Turkish Prime Minister Ahmet Davutoglu said a Russian missile had hit the buildings and that many civilians including children had been killed. Turkey’s foreign ministry accused Russia of carrying out an “obvious war crime.”

But Russian Health Minister Veronika Skvortsova said Russian air strikes were targeting Dae’sh infrastructure and she had no reason to believe that Russian planes had bombed civilian sites in Idlib.

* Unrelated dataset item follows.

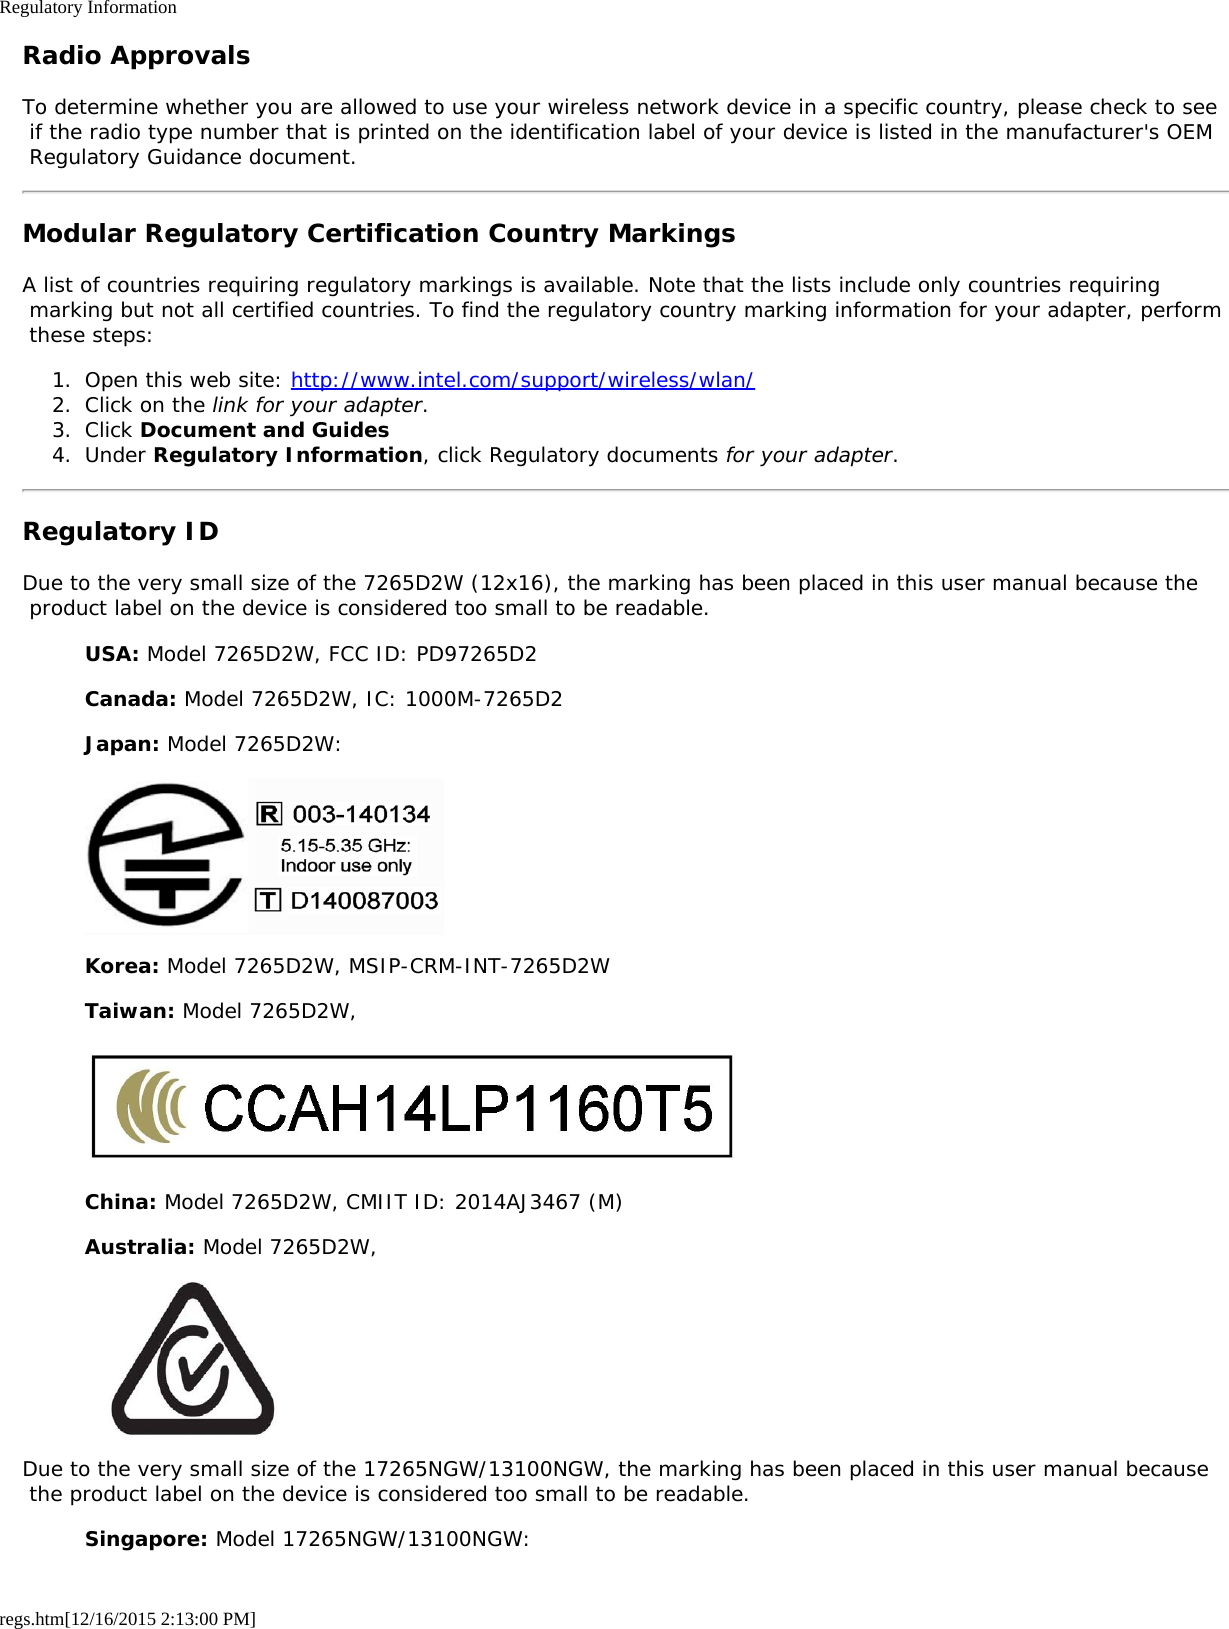 Regulatory Informationregs.htm[12/16/2015 2:13:00 PM]Radio ApprovalsTo determine whether you are allowed to use your wireless network device in a specific country, please check to see if the radio type number that is printed on the identification label of your device is listed in the manufacturer&apos;s OEM Regulatory Guidance document.Modular Regulatory Certification Country MarkingsA list of countries requiring regulatory markings is available. Note that the lists include only countries requiring marking but not all certified countries. To find the regulatory country marking information for your adapter, perform these steps:1.  Open this web site: http://www.intel.com/support/wireless/wlan/2.  Click on the link for your adapter.3.  Click Document and Guides4.  Under Regulatory Information, click Regulatory documents for your adapter.Regulatory IDDue to the very small size of the 7265D2W (12x16), the marking has been placed in this user manual because the product label on the device is considered too small to be readable.USA: Model 7265D2W, FCC ID: PD97265D2Canada: Model 7265D2W, IC: 1000M-7265D2Japan: Model 7265D2W:Korea: Model 7265D2W, MSIP-CRM-INT-7265D2WTaiwan: Model 7265D2W,China: Model 7265D2W, CMIIT ID: 2014AJ3467 (M)Australia: Model 7265D2W,Due to the very small size of the 17265NGW/13100NGW, the marking has been placed in this user manual because the product label on the device is considered too small to be readable.Singapore: Model 17265NGW/13100NGW:

Syria’s ambassador to Russia said US war planes were responsible.

White House national security adviser Susan Rice on Monday condemned in the “strongest terms” the intensified bombing of northern Syria, adding that it ran counter to commitments to reduce hostilities made by major powers last week in Munich.

The Syrian civil war, reshaped by Russia’s intervention last September, has gone into an even higher gear since the UN sought to revive peace talks. The talks in Geneva were suspended earlier this month before they got off the ground.

World powers agreed in Munich on Friday to a cessation of hostilities in Syria to allow humanitarian aid to be delivered, but the deal does not take effect until the end of this week and was not signed by any warring parties.

But in a further clouding of the Munich deal, Syrian President Bashar al-Assad said on Monday that any ceasefire did not mean each side had to stop using weapons, and that nobody was capable of securing the conditions for one within a week.

At a news conference in Kiev, Turkey’s prime minister doubted Russia’s commitment to any deal to cease hostilities, pointing to comments from Moscow that it would continue its air strikes regardless.

French charity Médecins Sans Frontières (MSF) said seven people were killed and at least eight staff were missing after missiles hit a hospital in the province of Idlib, west of Aleppo, in a separate incident.